The United States women's football team are lodging an appeal against the decision to deny them equal pay as the men's team.
28 members of the squad had filed lawsuits against their own footballing body, the US Soccer Federation (USSF), seeking $66m (£52.8m) in damages under the Equal Pay Act.
Two new motions were filed in federal district court on Friday, firstly to postpone the trial set to begin on 16 June and secondly to seek immediate appeal over the decision made by judge Gary Klausner last week. The 16 June trail refers to players' case for unfair treatment in travel, housing and medical support, something the judge allowed to go to court.
The ruling came as a blow to the USWNT, who are trying to prove that their federation has paid them less than their male counterparts solely based on their gender.
The court's verdict (via the BBC) said: "The women's team has been paid more on both a cumulative and an average per-game basis than the men's team over the class period."
Since the decision, a spokeswoman for the USWNT, Molly Levinson, confirmed an appeal was lodged in response.
"Equal pay means paying women players the same rate for winning a game as men get paid," she said. "The argument that women are paid enough if they make close to the same amount as men while winning more than twice as often is not equal pay."
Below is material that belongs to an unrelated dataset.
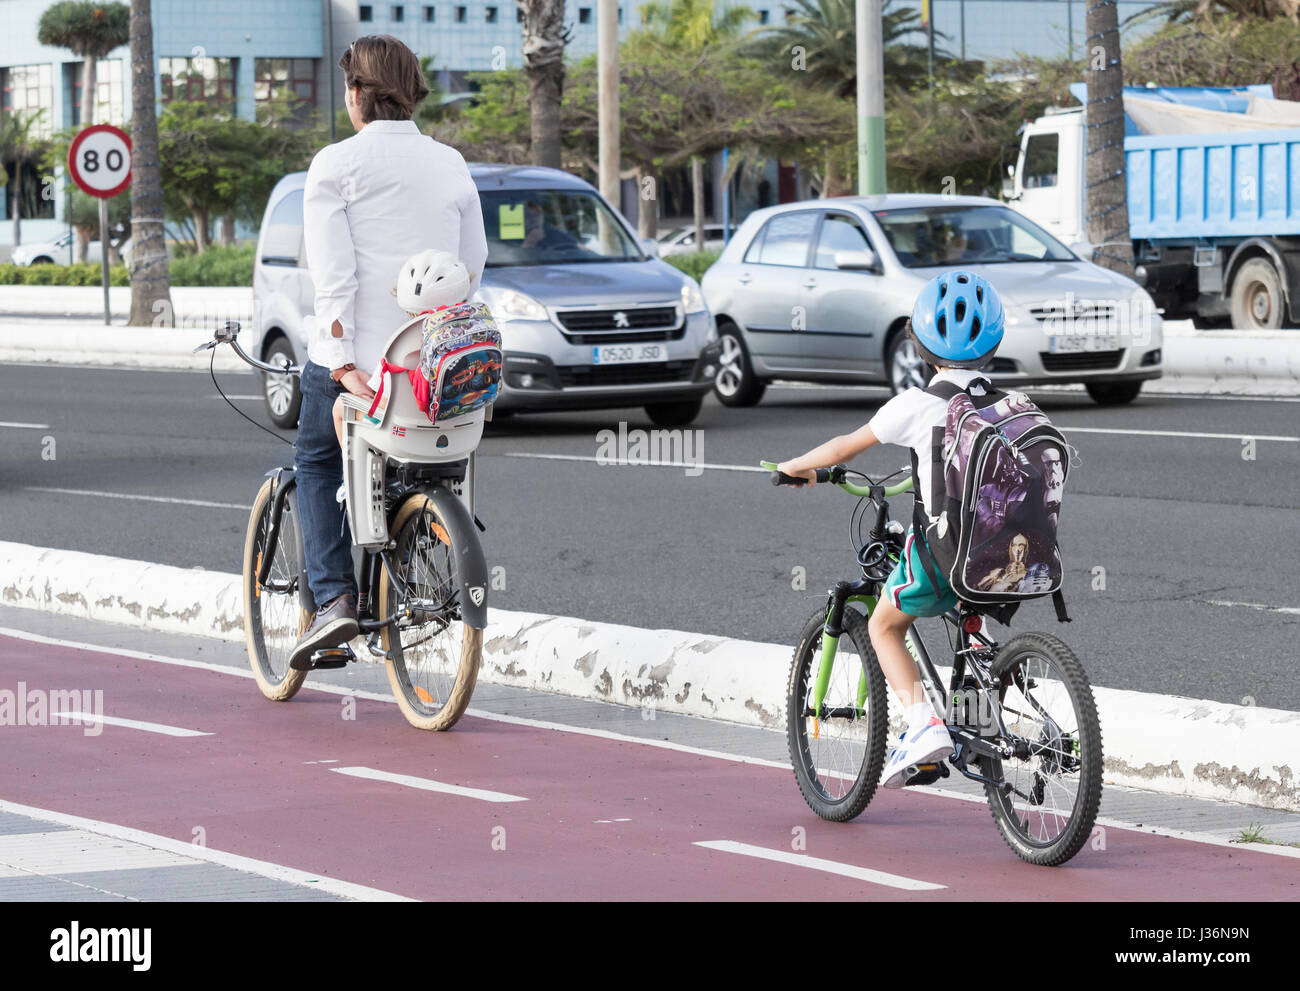 Young boy in school uniform riding to school on bicycle behind adult who is carrying small child. Stock Photo

The view of the USWNT has garnered huge response, with one of the key arguments in their defence being the significantly more successful achievements of the women's team over the men's team. The United States' team won the Women's World Cup last summer to secure a fourth title in total, which has been added to with five Olympic gold medals.
On the other hand, the men's side have never finished higher than third place in a World Cup competition - which they managed in the inaugural 1930 edition - with a quarter-final spot in 2002 being their best since.